1. Data Controller
Jakub Rosiak, Igor Szafarowicz,
ul. Twarda 14/16, 00-824 Warsaw,
email: contact@zoneapp.io.
2. What data we process
User-provided data: name, age, height, gender, profile photos, your preferences for the gender of people you want to meet, and the languages you want to use in Zones.
Technical data: account/device identifier, timestamps, notification settings.
Location data (Zones feature): precise GPS location used when entering a Zone and periodically in the background during an active Zone session to confirm that you are inside the Zone.
Note on sensitive data: gender preferences may reveal sexual orientation (a special category of data). If you choose to provide this data, you consent to our use of it as described in this Privacy Policy. You can withdraw that consent by emailing contact@zoneapp.io.
3. Purposes and legal bases
Providing the service (creating a profile, Zone matching, notifications, including checking location when entering a Zone and periodically in the background while you remain in the Zone): Article 6(1)(b) GDPR (necessary for performance of the contract).
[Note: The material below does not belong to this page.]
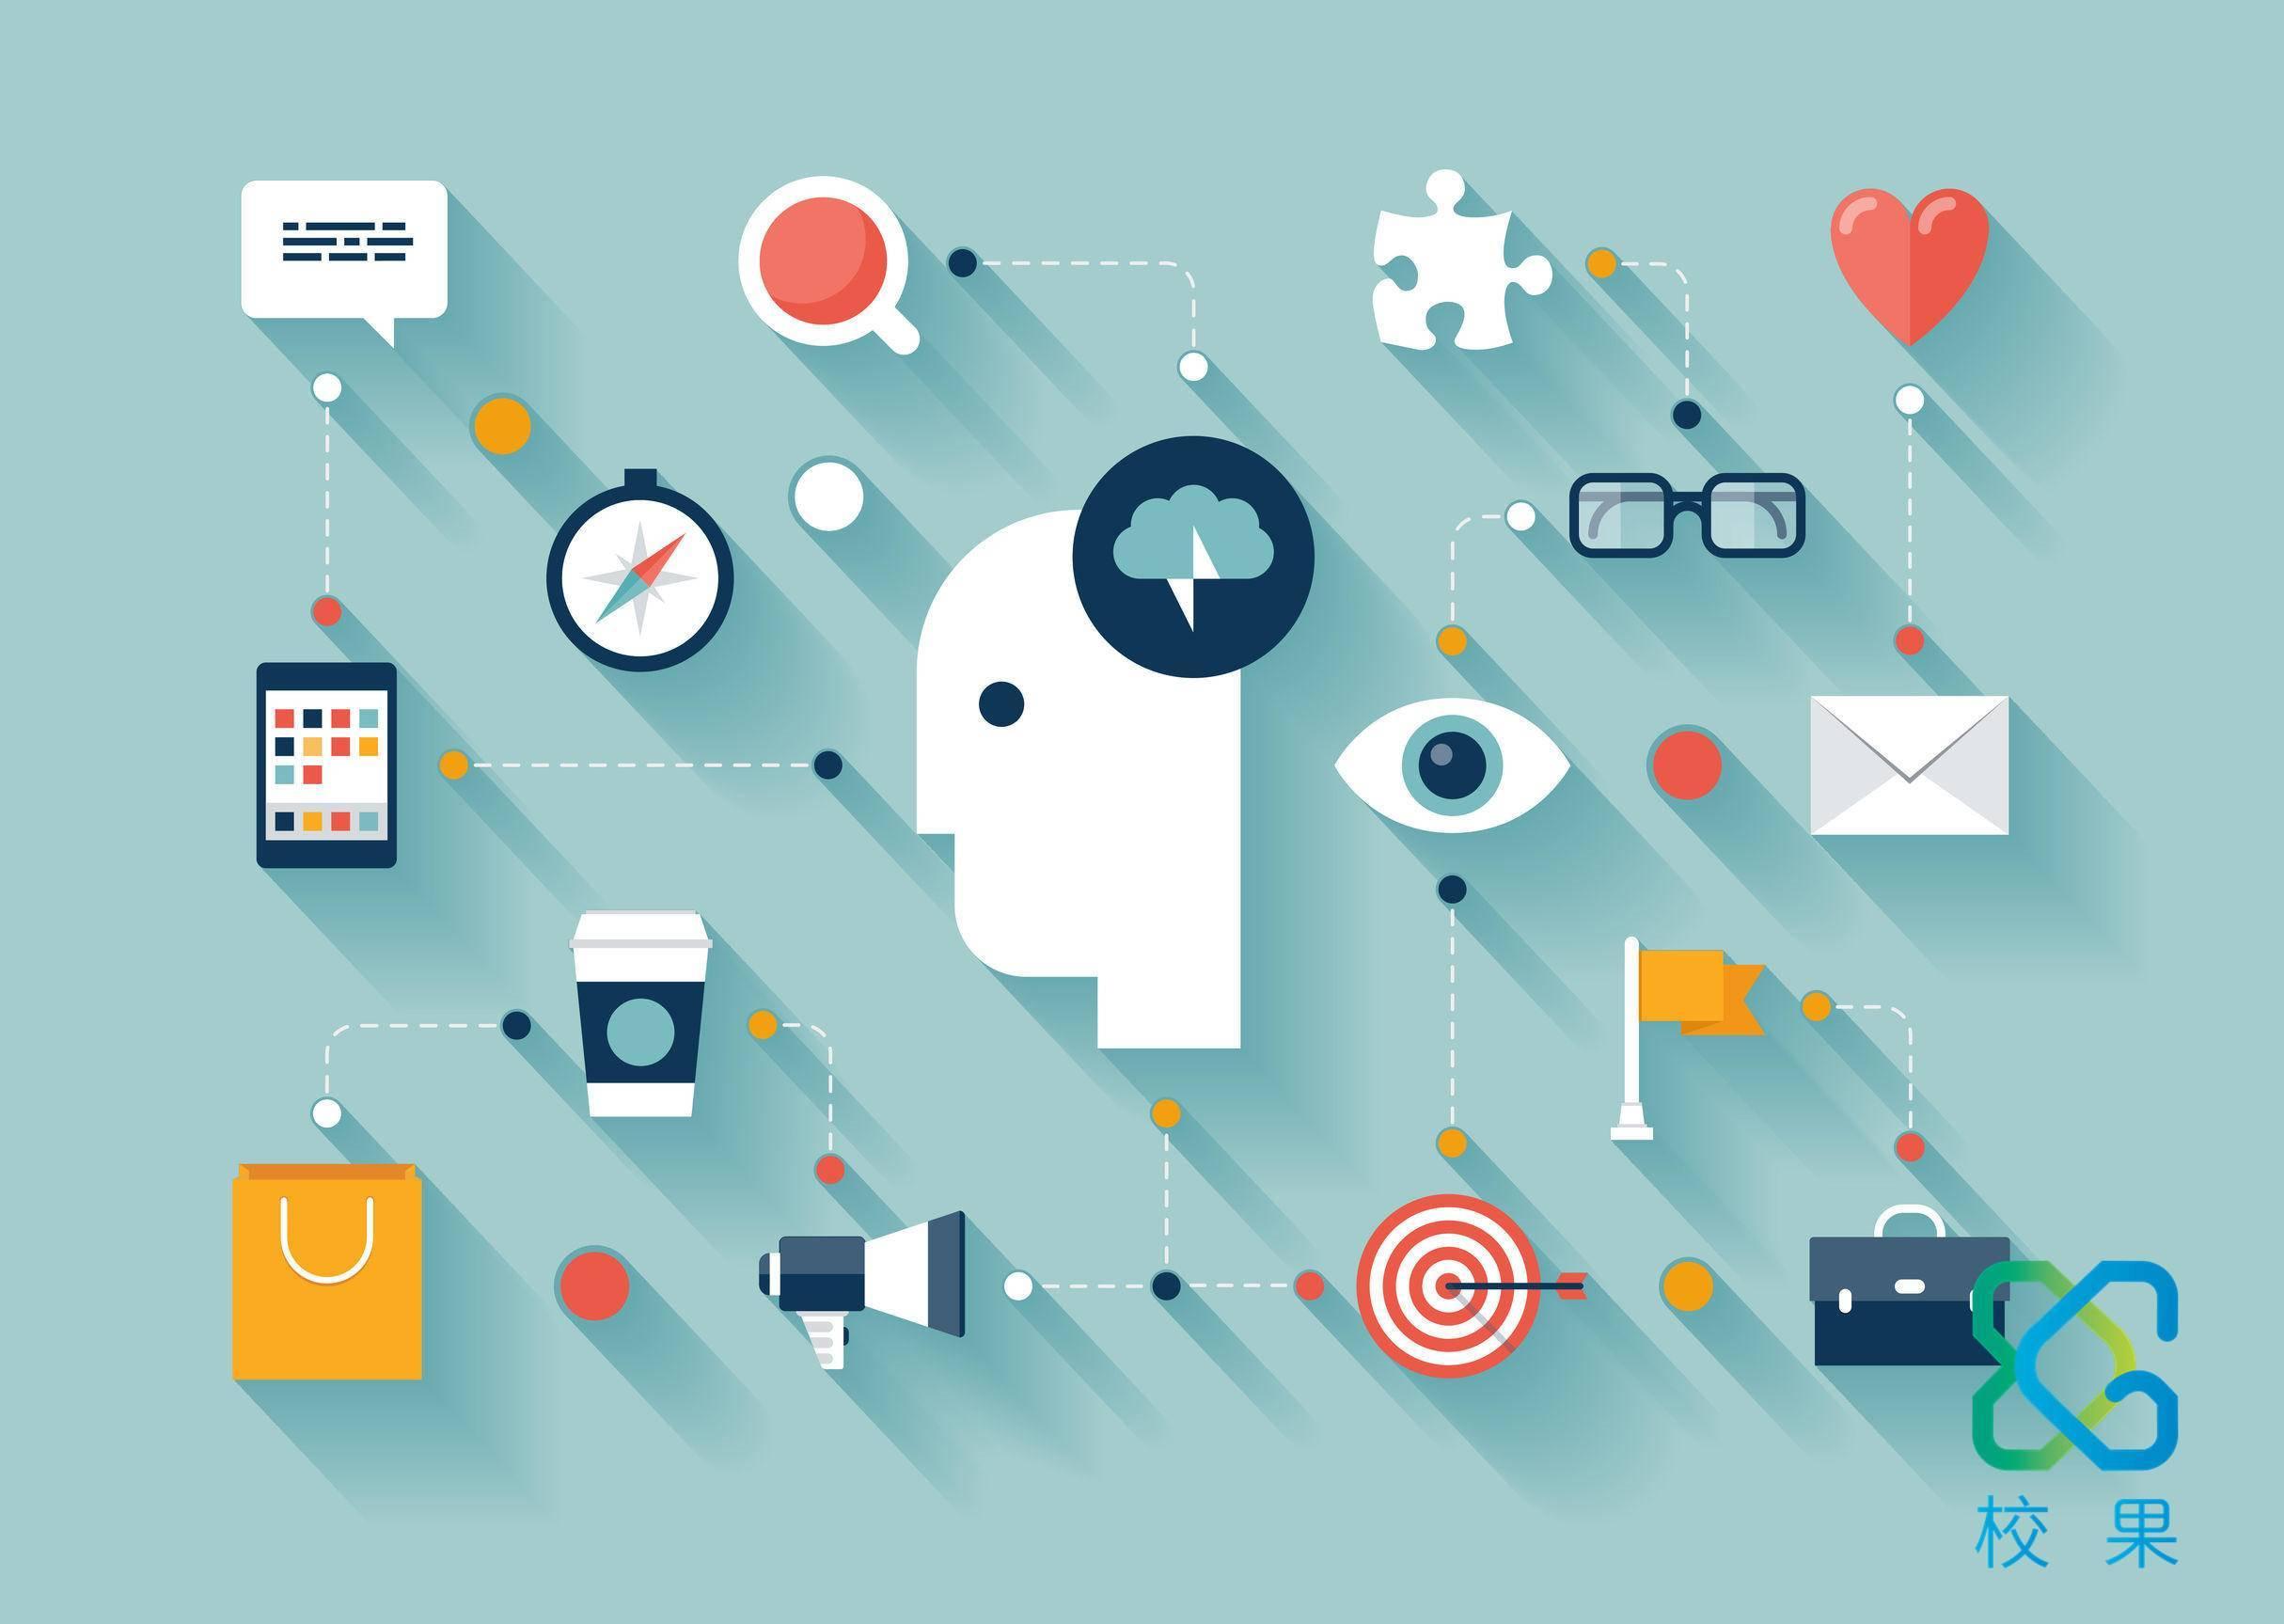 校园整合营销的流程和特点
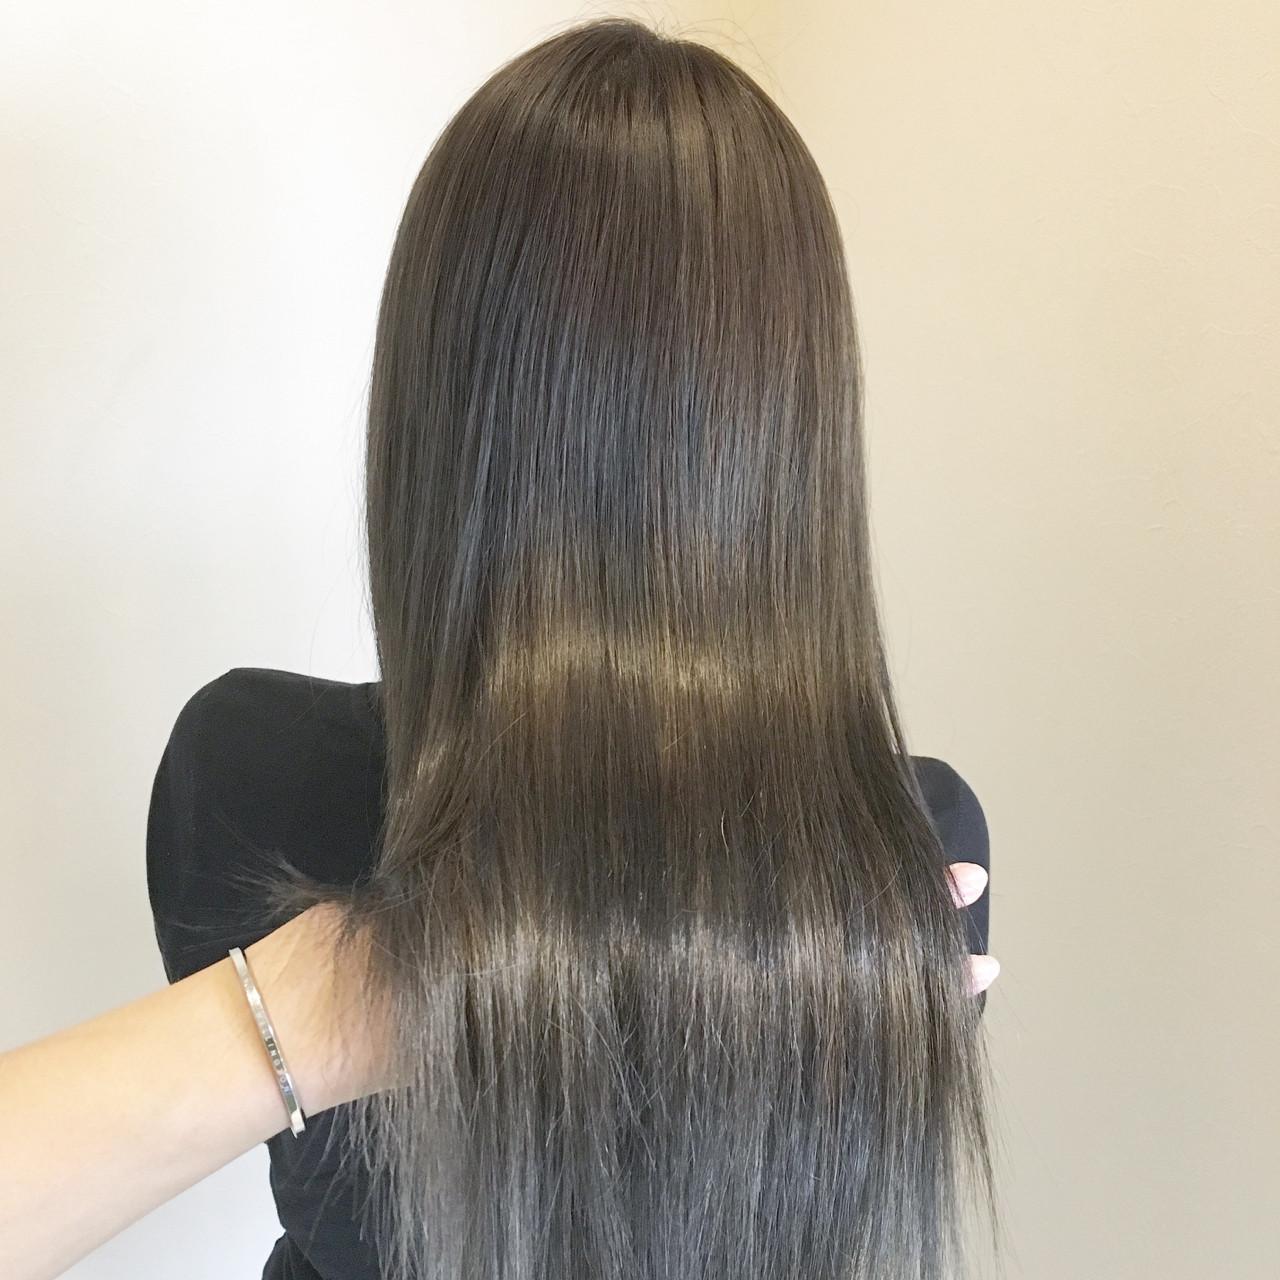 透明感 外国人風カラー アッシュ ロング ヘアスタイルや髪型の写真・画像 | 古作 蓮 / 美容室 MICHI 富田店

If you decide to provide this data, you consent to our use of it as described in this Privacy Policy.
Safety and abuse prevention (fraud prevention, photo moderation, handling reports): Article 6(1)(f) GDPR (legitimate interest in ensuring the security and integrity of the service; data minimization).
Direct marketing via electronic means - only with separate consent: Article 6(1)(a) GDPR.
Website analytics - after your consent, we use Google Analytics 4 to prepare aggregated website traffic statistics, measure clicks on key actions, and understand the general effectiveness of the website. Consent is voluntary; you can accept it, reject it, or change your choice later through the cookie settings available in the website footer.
4. How location processing works in Zones
Location is read from your device when you enter a Zone and periodically (at short intervals) only while the Zone is active on your account.
We do not build a continuous movement history. On the server side we only store "Zone entry/exit" events (timestamp, Zone ID, and account ID) needed for the service and security.
You control location permissions in your device/system settings; turning location off disables the Zones feature.
5. Data recipients
Processors acting on our behalf: hosting/cloud providers, app maintenance providers, analytics tools with limited scope (including Google Analytics 4 for the website, only after consent), push notification providers, and content moderation tools - only to the extent necessary to provide the service; authorities empowered by law. For App Store/Google Play payments, the store operators are separate controllers of payment data; Zone does not receive card details.
6. Transfers outside the EEA
If data is transferred outside the EEA (for example to IT providers), we use appropriate legal safeguards, including Standard Contractual Clauses. Information about such transfers is available on request.
7. Retention period
Profile data: for the duration of the contract (while the account exists).
Zone events (entry/exit): up to 30 days.
Backup data: up to 30 days.
Data needed to establish, pursue, or defend claims: until the limitation periods expire. The
data-minimization principle applies.
Temporary chat messages: retained for up to 24 hours after the session ends; safety metadata - up
to 30 days.
8. Your rights
Access, rectification, erasure, restriction, portability, objection (where processing is based on legitimate interest), and withdrawal of consent at any time (without affecting the lawfulness of processing carried out before withdrawal).
9. Requirement to provide data
Providing the data listed in section 2 is voluntary, but necessary to create a profile and use the Zones feature (location is required for Zones to work). If you do not provide it, we will not be able to provide the service in that scope. You also have the right to lodge a complaint with the President of the Personal Data Protection Office (PUODO).
10. Security
We use appropriate technical and organizational measures, including encrypted transmission, access control, security testing, and location-scope minimization logic.
11. Changes
We publish the current version of the Policy on the website; material changes are communicated directly in the app and by email.